Reformasi 1998 merupakan titik pijak transformasi nilai dari rejim otoritarian menjadi tatanan demokratis. Demokratisasi yang dibangun seharusnya menuju pada profesionalitas masing-masing institusi dalam pelayanan ke setiap warga negara dengan menerapkan kesetaraan serta menempatkan supremasi sipil. Dalam konteks politik keamanan, Posisi ini bukan berarti hubungan subordinat antara kelompok sipil dan aktor keamanan. Tetapi wujud profesionalisme sesuai tugas dan tanggung jawab masing-masing. Demokrasi sejatinya sistem politik yang membuka ruang kontestasi gagasan. Karena itu, demokrasi mengharamkan segala bentuk kemutlakan absolut.

Aktor keamanan (TNI, Polri, dan Badan Intelejen Negara) bersifat struktural-komando (sentralistik) dinilai memiliki profesionalisme ketika mampu membuat garis demarkasi dengan urusan politik. Tugas dan tanggung jawab aktor keamanan menjaga pertahanan dan keamanan negara. Sementara, tugas dan tanggung jawab sipil mengisi urusan politik yang bersandar kepada prinsip rasionalitas dan keberagaman.
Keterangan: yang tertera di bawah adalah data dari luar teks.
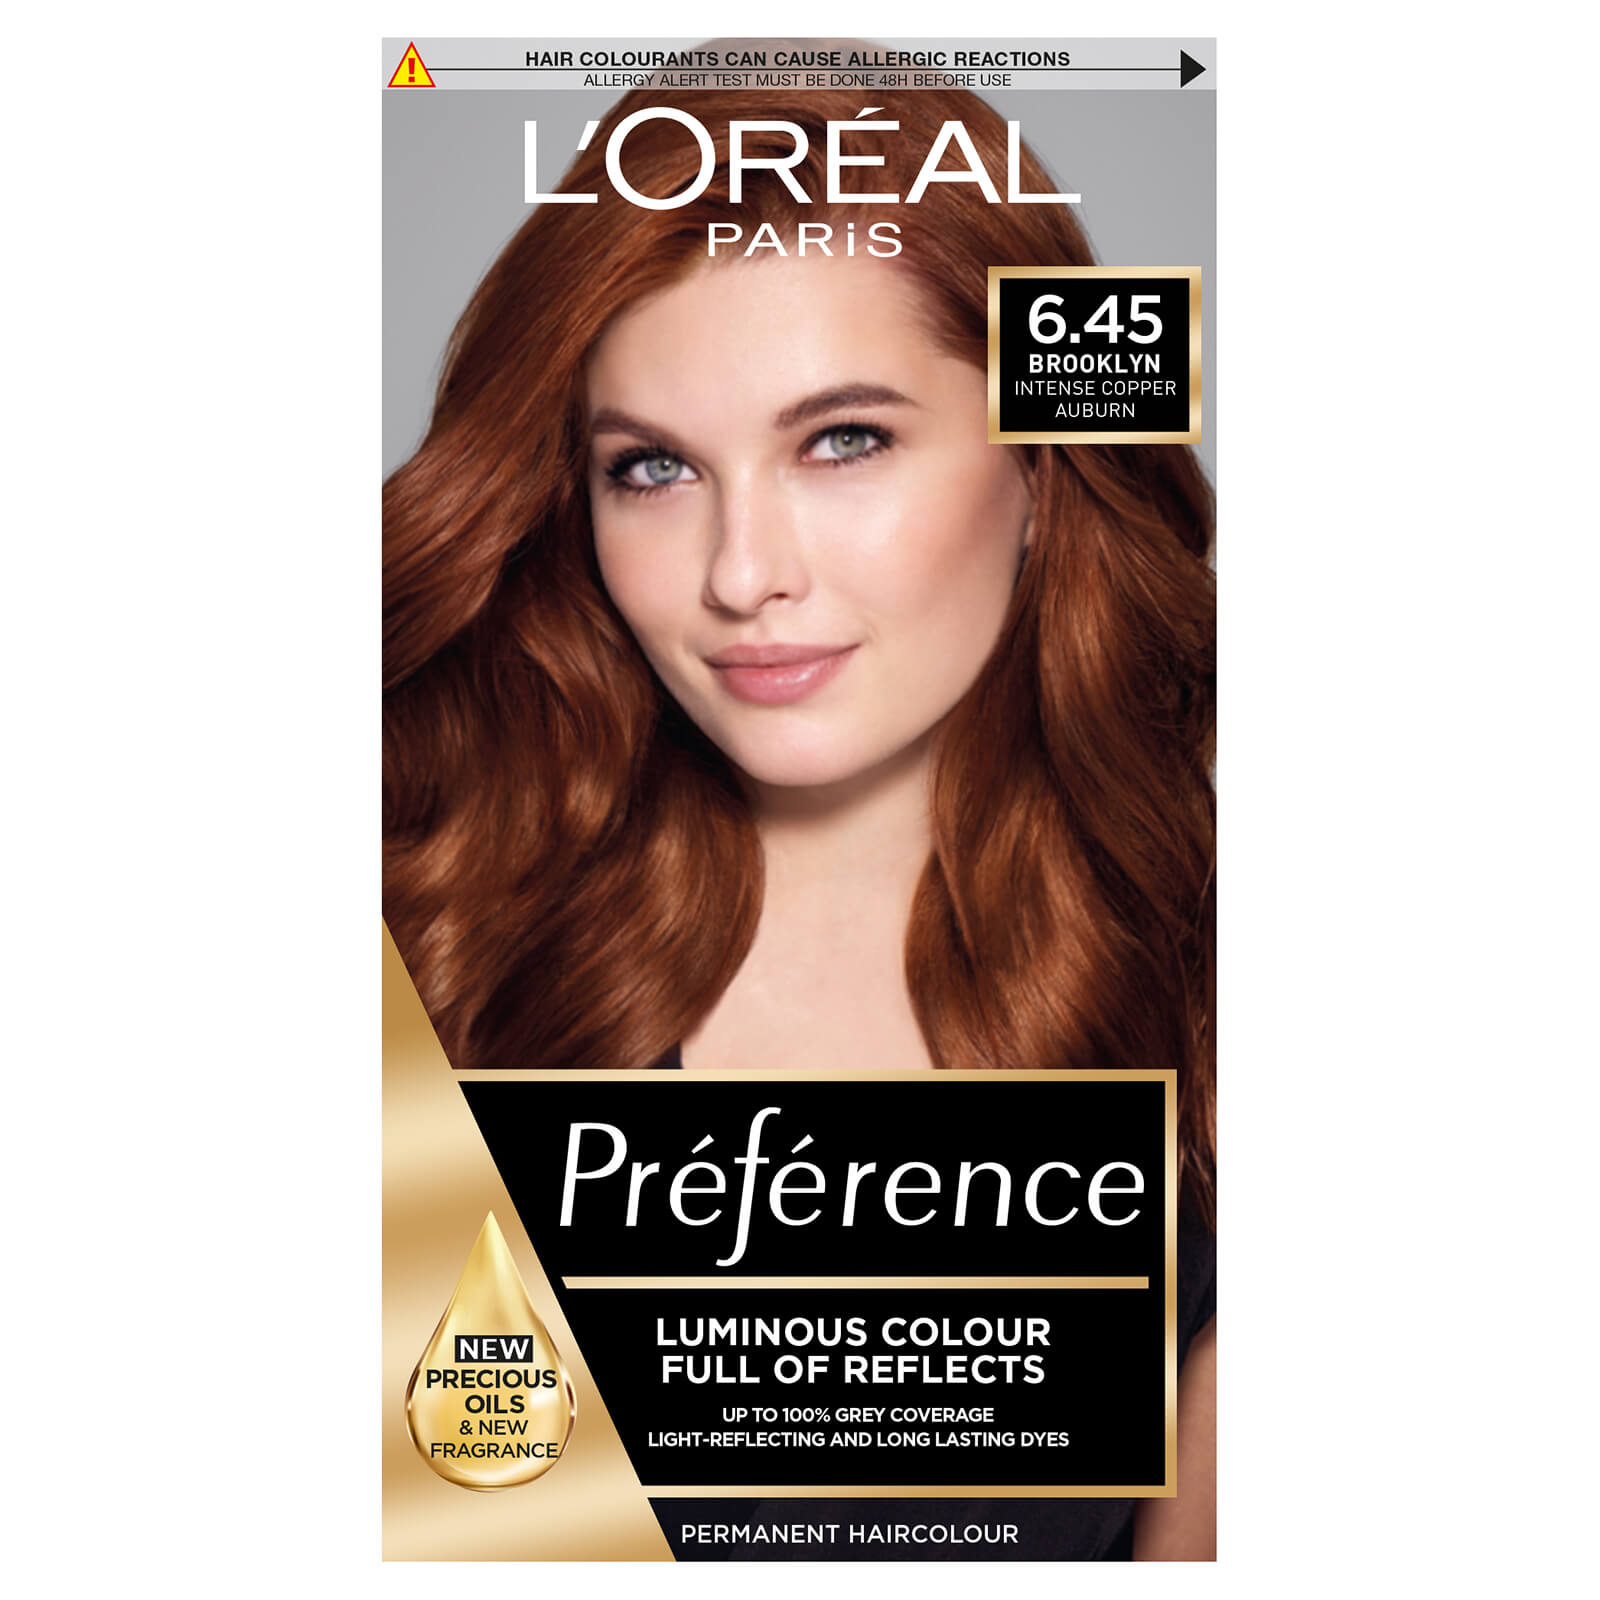 L'Oreal Paris Preference Infinia Hair Dye (Various Shades) - 6.45 Brooklyn Intense Copper Auburn
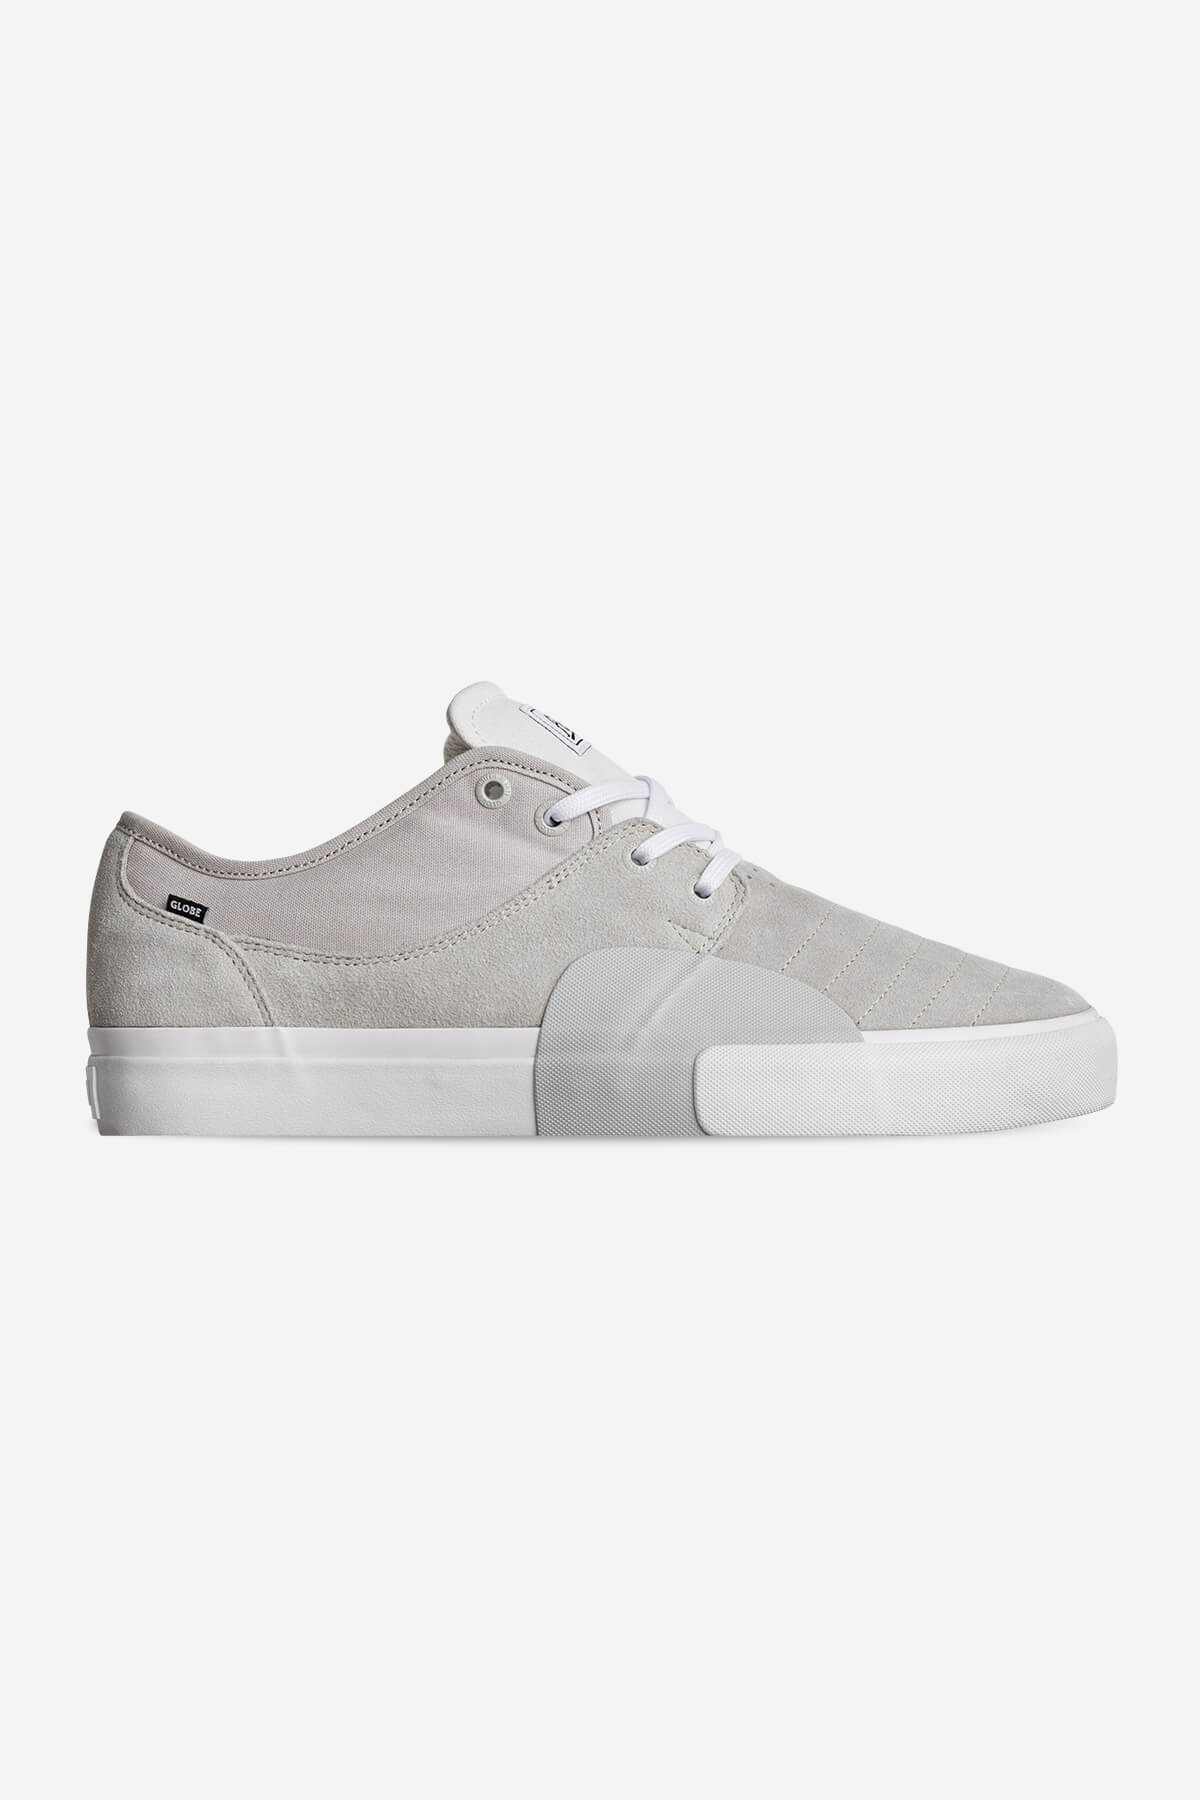 mahalo plus gris white skateboard  chaussures

Berkaca pada penyelenggaraan Pemilu sebelumnya, aktor keamanan juga dinilai tidak netral dalam pelaksanaannya. Baik yang sifatnya tersistematis maupun secara sporadis. Langkah untuk tidak netral tersebut ditenggarai karenanya adanya keinginan untuk menjadikan pesta demokrasi tersebut sebagai bagian dari upaya mengambil keuntungan, baik keuntungan pribadi mapun institusi. Pada praktiknya efek dari campur tangan aktor keamanan untuk terlibat dalam politik praktis tidak hanya menginterupsi dan mengancam proses penguatan tahapan demokrasi, tapi juga dapat mengancam keutuhan republik karena ekses dari campur tangan tersebut juga salah satunya adalah menguatnya konflik, baik vertikal maupun horisontal.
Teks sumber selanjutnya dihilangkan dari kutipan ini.